Besides Monbiot, Lovelock finds time for a little dig at yet another fervent green catastrophist the Prince of Wales:
He was once invited to Buckingham Palace, where he told Princess Anne: “Your brother nearly killed me.” Having read that Prince Charles had installed grass-burning boilers at Highgrove, Lovelock had tried one in his house. “It’s supposed to smoulder and keep the place warm; but it doesn’t, because it goes out, and clouds and clouds of smoke come out.” He giggles. “Princess Anne thought this was hilariously funny.”
His heretical stance on nuclear energy too is likely to alienate many of his former admirers in the green movement:
Even more heretical than his enthusiasm for fracking is Lovelock’s passionate support for nuclear power. But, like fracking, he says, it offers only “a stopgap” solution. “Because in the long term, they’ll use up all the uranium.” How long would that take? He pauses to do some quick mental arithmetic, as casually as I might tot up how many pints of milk to grab from Sainsburys.
“Let’s see … I think uranium that is affordable to extract would last about 50 years, something in that range. It might be 100. When you’ve used all that up, you go to thorium, and that would last you three times as long as uranium – so, shall we say, about 200 years?” The most sensible energy solution would be to cover 100 sq miles of the Sahara in solar panels. “It would supply the whole of Europe with all the energy they needed,” but it won’t happen “because it would be so easy for terrorists to go and bugger it up”. So for now, nuclear energy is the only viable option.
Not that any of this matters much anyway, Lovelock suggests, because by the end of the century robots will have taken over and they probably won’t find much use for us.

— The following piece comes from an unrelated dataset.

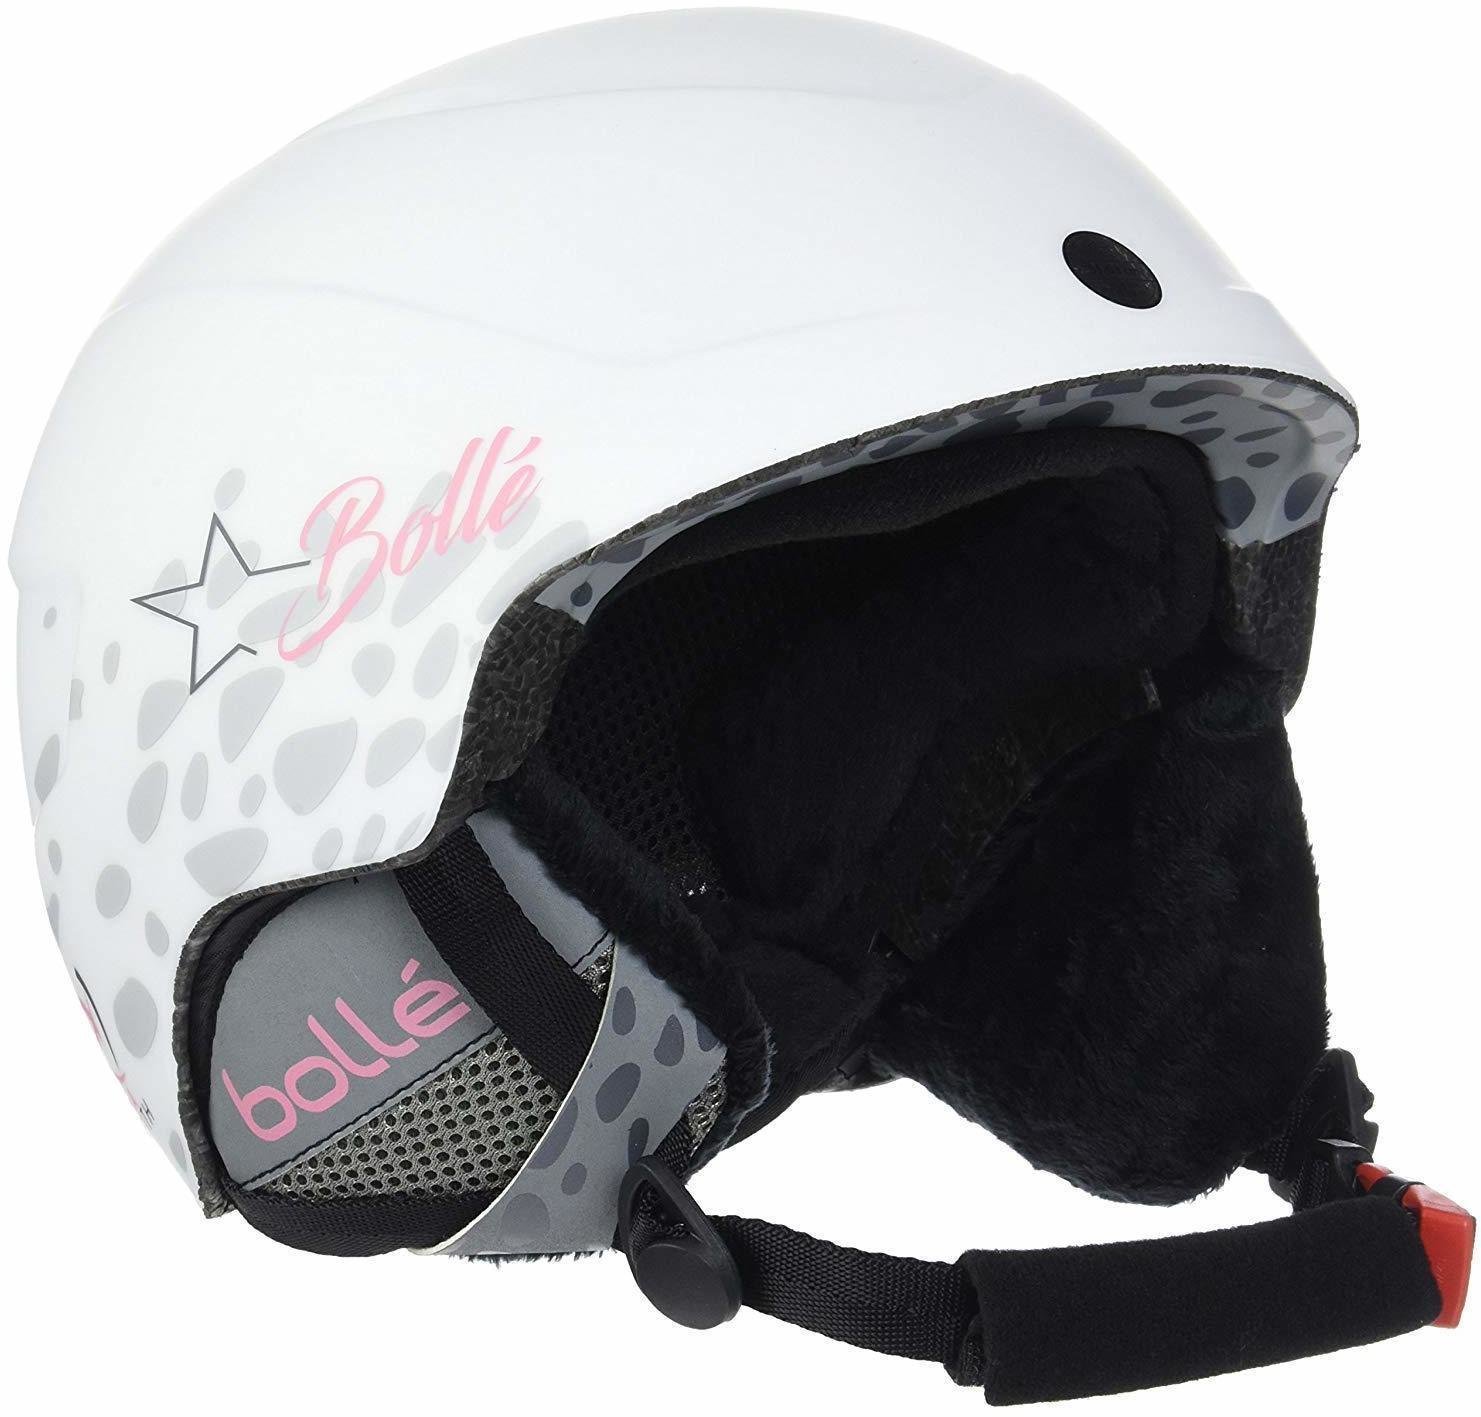 Ski Helmet Bollé B-Lieve Anna Veith Signature Series 51-53 cm 17/18 Junior

The implications for climate change are obvious. “The world that they’re going to be comfortable in is wildly different from the one that we feel comfortable in. So once they really get established, they will – with regret – start losing organic life.” Will they care about rising temperatures? “They won’t give a fourpenny fuck about the temperature, because to them the change will be slow, and they can stand quite a big change without any fuss. They could accommodate infinitely greater change through climate change than we can, before things get tricky for them. It’s what the world can stand that is the important thing. They’re going to have a safe platform to live in, so they don’t want Gaia messed about too much.”